The algorithm used to do the conversion is straightforward: the fields of the Key aspect are substituted into a
string template based on their index (order of definition) using the following template:
```aidl
// Case 1: # key fields == 1
urn:li:<entity-name>:key-field-1
// Case 2: # key fields > 1
urn:li:<entity-name>:(key-field-1, key-field-2, ... key-field-n)
```
By convention, key aspects are defined under `metadata-models/src/main/pegasus/com/linkedin/metadata/key`.
##### Example
A CorpUser can be uniquely identified by a "username", which should typically correspond to an LDAP name.
Thus, it's Key Aspect is defined as the following:
```aidl
namespace com.linkedin.metadata.key
/**
* Key for a CorpUser
*/
@Aspect = {
"name": "corpUserKey"
}
record CorpUserKey {
/**
* The name of the AD/LDAP user.
*/
username: string
}
```
and it's Entity Snapshot model is defined as
```aidl
/**
* A metadata snapshot for a specific CorpUser entity.
*/
@Entity = {
"name": "corpuser",
"keyAspect": "corpUserKey"
}
record CorpUserSnapshot {
/**
* URN for the entity the metadata snapshot is associated with.
*/
urn: CorpuserUrn
/**
* The list of metadata aspects associated with the CorpUser. Depending on the use case, this can either be all, or a selection, of supported aspects.
*/
aspects: array[CorpUserAspect]
}
```
Using a combination of the information provided by these models, we are able to generate the Urn corresponding to a CorpUser as
```
urn:li:corpuser:<username>
```
Imagine we have a CorpUser Entity with the username "johnsmith". In this world, the JSON version of the Key Aspect associated with the Entity would be
```aidl
{
"username": "johnsmith"
}
```
and its corresponding Urn would be
```aidl
urn:li:corpuser:johnsmith
```
#### BrowsePaths aspect
The BrowsePaths aspect allows you to define a custom "browse path" for an Entity. A browse path is a way to hierarchically organize
entities.

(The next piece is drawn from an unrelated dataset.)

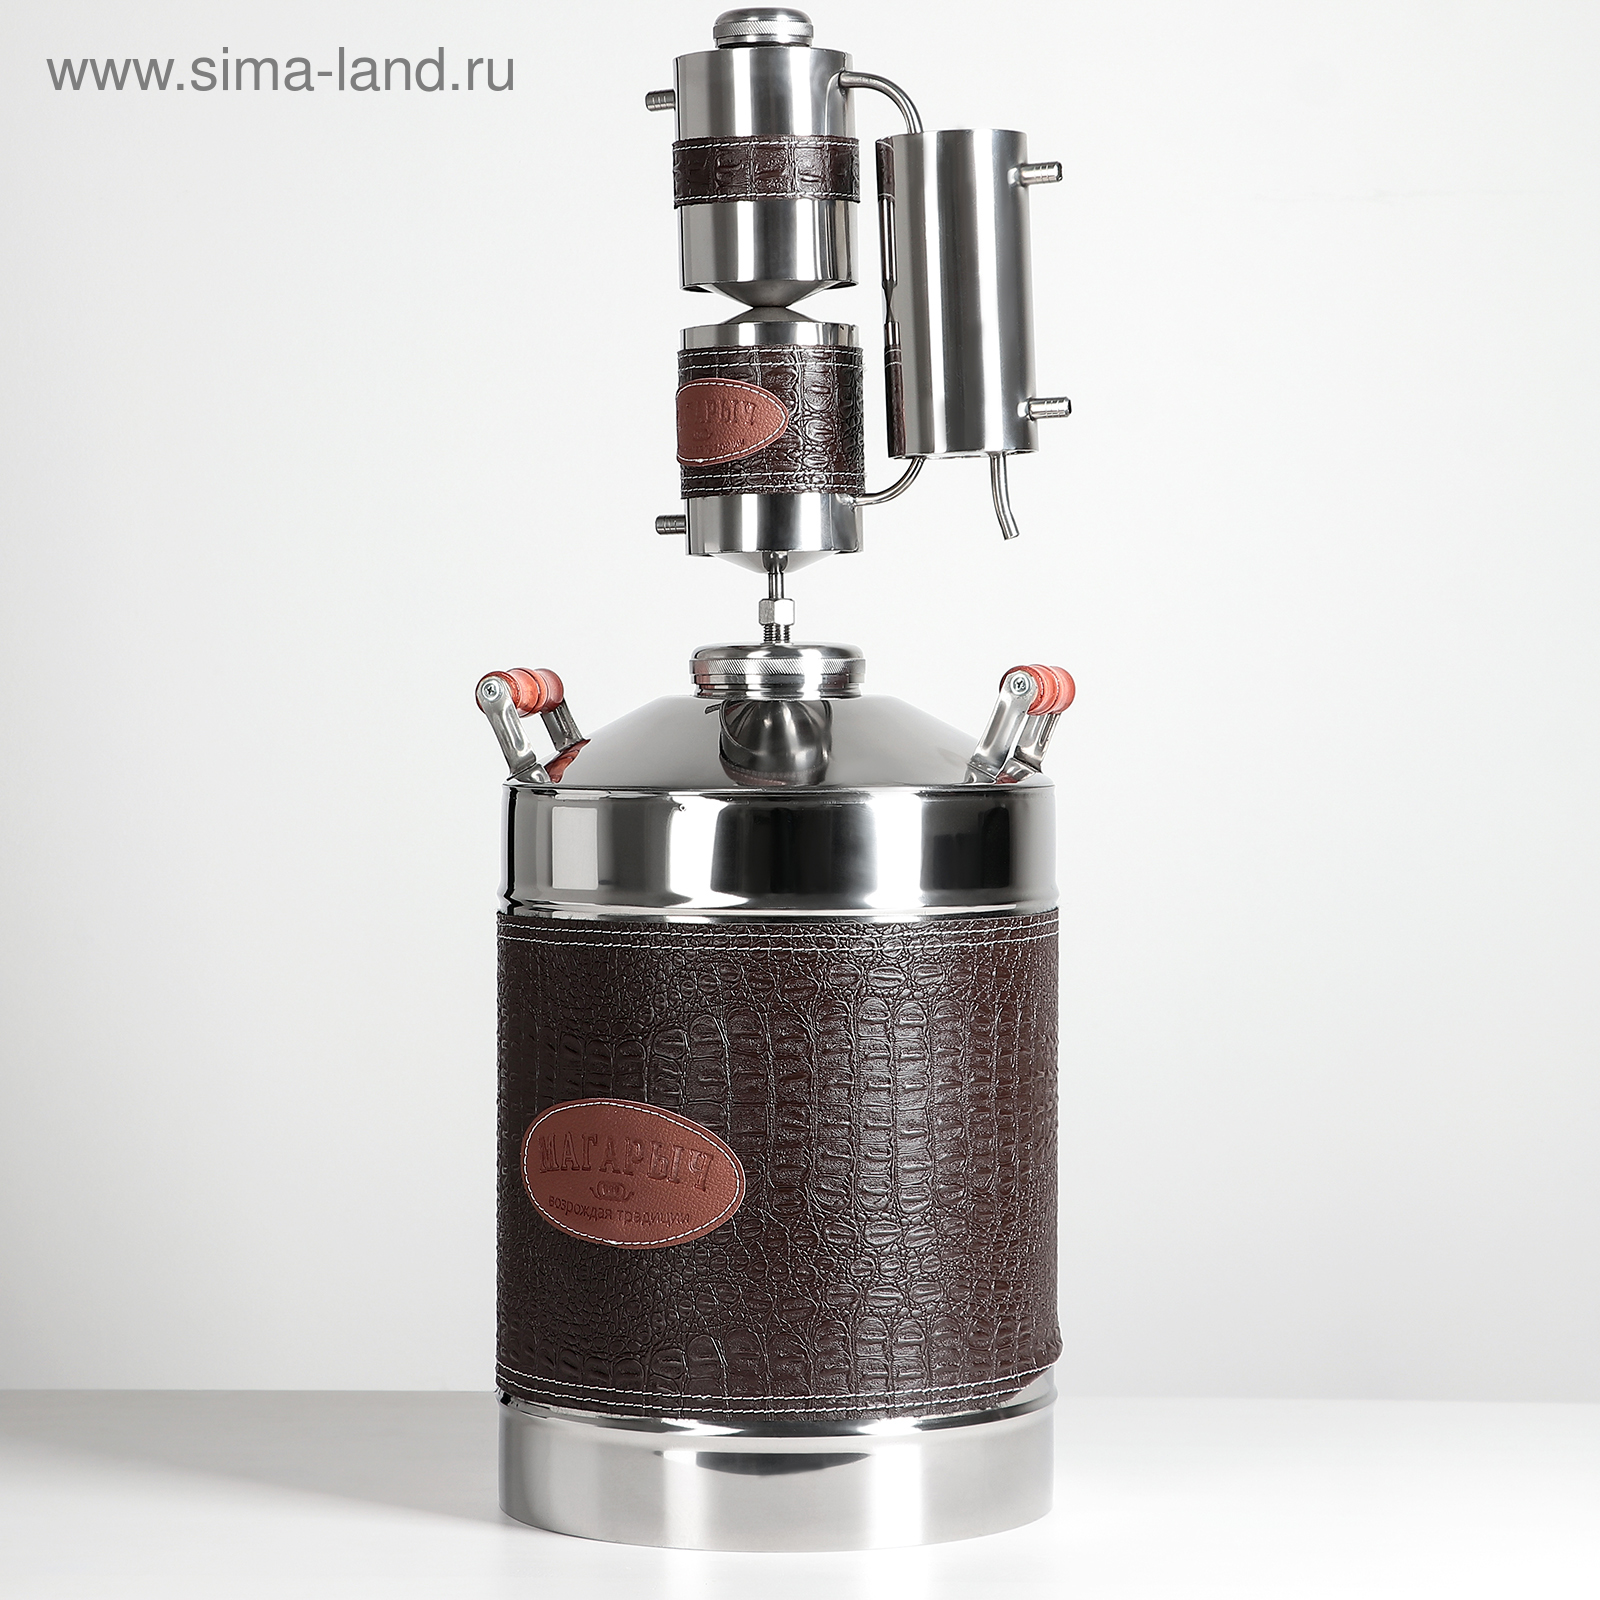 Самогонный аппарат магарыч 20л машковского бкдр видео работа самогонного аппарата магарыч

They manifest within the "Explore" features on the UI, allowing users to navigate through trees of related entities of a given type.

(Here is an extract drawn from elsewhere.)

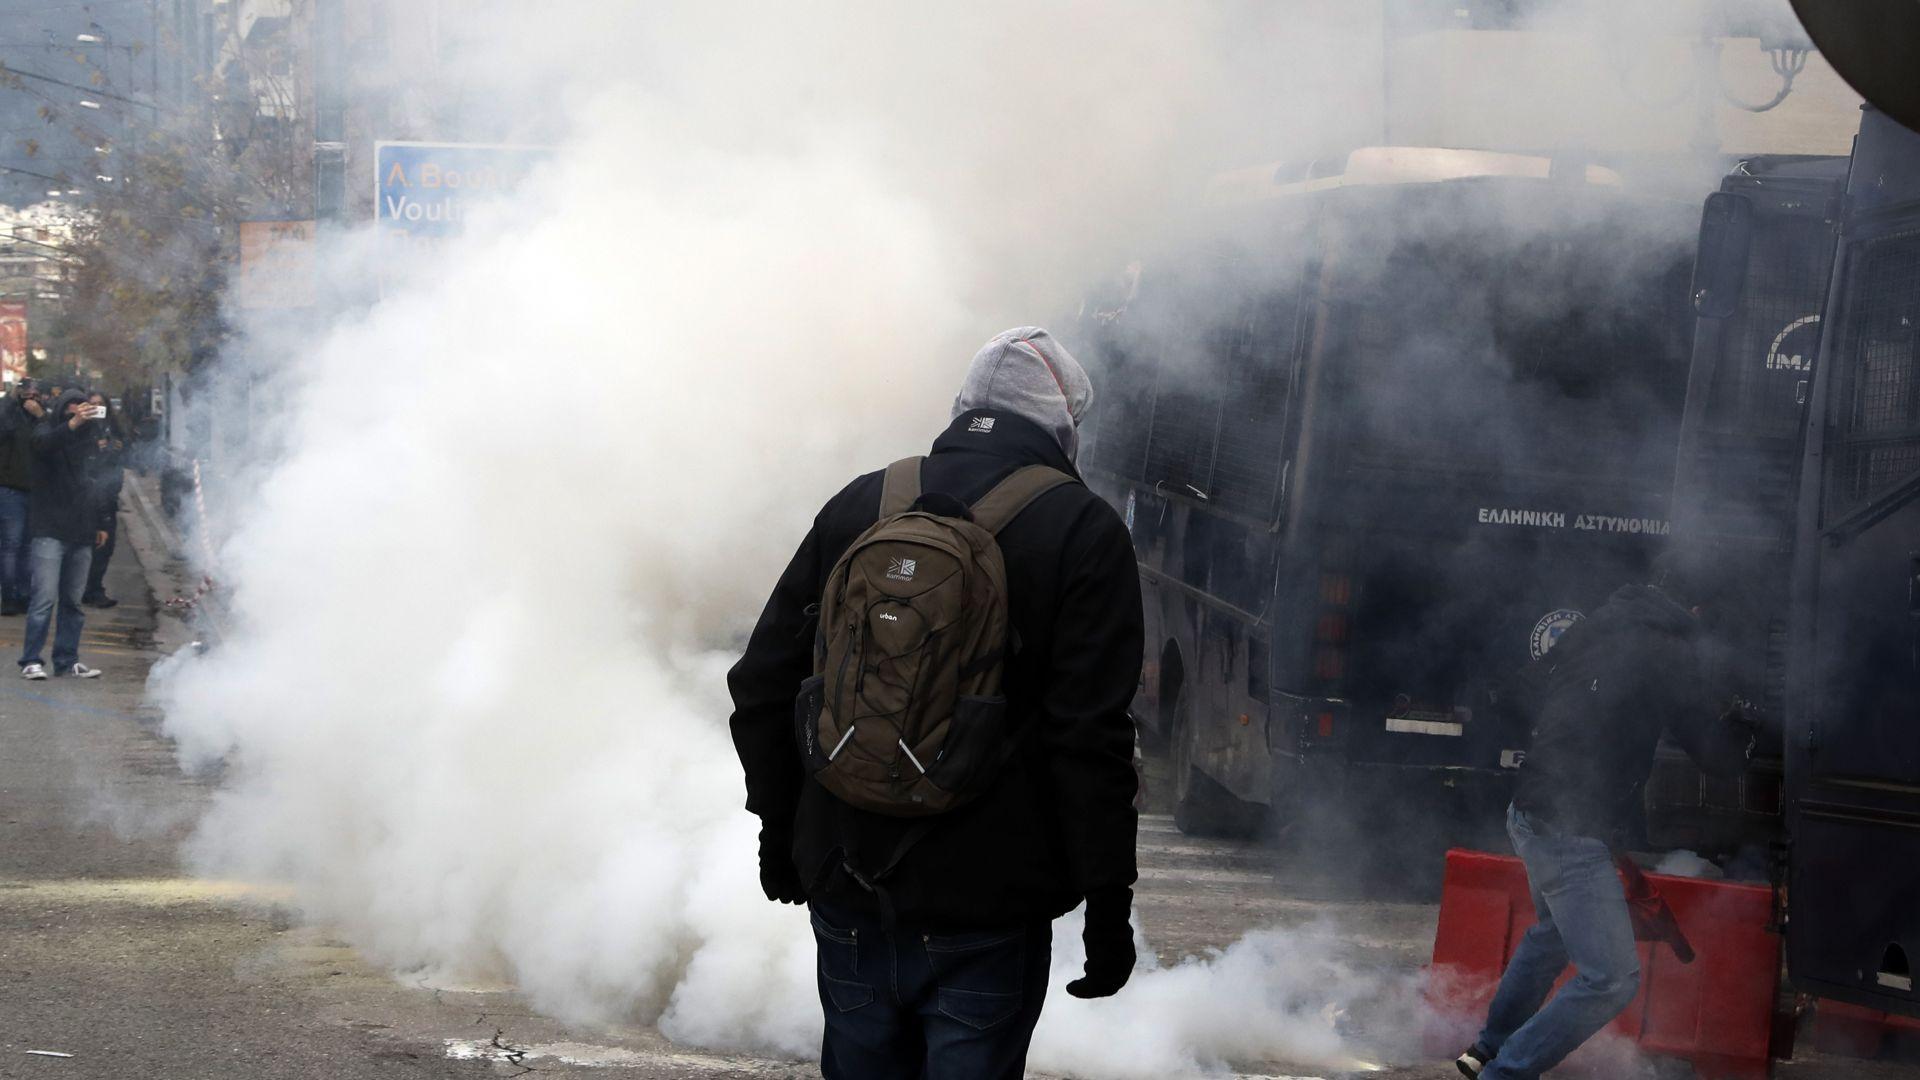 Гръцката полиция използва сълзотворен газ срещу учители

To support browsing a particular entity, simply include the "BrowsePaths" aspect in its aspect union:
```aidl
// DatasetAspect.pdl
/**
* A union of all supported metadata aspects for a Dataset
*/
typeref DatasetAspect = union[
DatasetKey,
...
BrowsePaths
]
```
By declaring this aspect, you can produce custom browse paths as well as query for browse paths manually using a CURL like the following:
```aidl
curl --location --request POST 'http://localhost:8080/entities?action=browse' \
--header 'X-RestLi-Protocol-Version: 2.0.0' \
--header 'Content-Type: application/json' \
--data-raw '{
"path": "/my/custom/browse/path",
"entity": "dataset",
"start": 0,
"limit": 10
}'
```
Notice that you must provide
a. A "/"-delimited root path for which to fetch results.
b. An entity "type" using its common name ("dataset" in the example above).
#### Timeseries aspects
Timeseries aspects are aspects that have a timestampMillis field, and are meant for aspects that continuously change on a
timely basis e.g. data profiles, usage statistics, etc.
Each timeseries aspect must be declared "type": "timeseries" and must
include [TimeseriesAspectBase](https://github.com/linkedin/datahub/tree/master/metadata-models/src/main/pegasus/com/linkedin/timeseries/TimeseriesAspectBase.pdl)
, which contains a timestampMillis field.
Timeseries aspect cannot have any fields that have the @Searchable or @Relationship annotation, as it goes through a
completely different flow.
Please refer
to [DatasetProfile](https://github.com/linkedin/datahub/tree/master/metadata-models/src/main/pegasus/com/linkedin/dataset/DatasetProfile)
to see an example of a timeseries aspect.
Because timeseries aspects are updated on a frequent basis, ingests of these aspects go straight to elastic search (
instead of being stored in local DB).
You can retrieve timeseries aspects using the "aspects?action=getTimeseriesAspectValues" end point.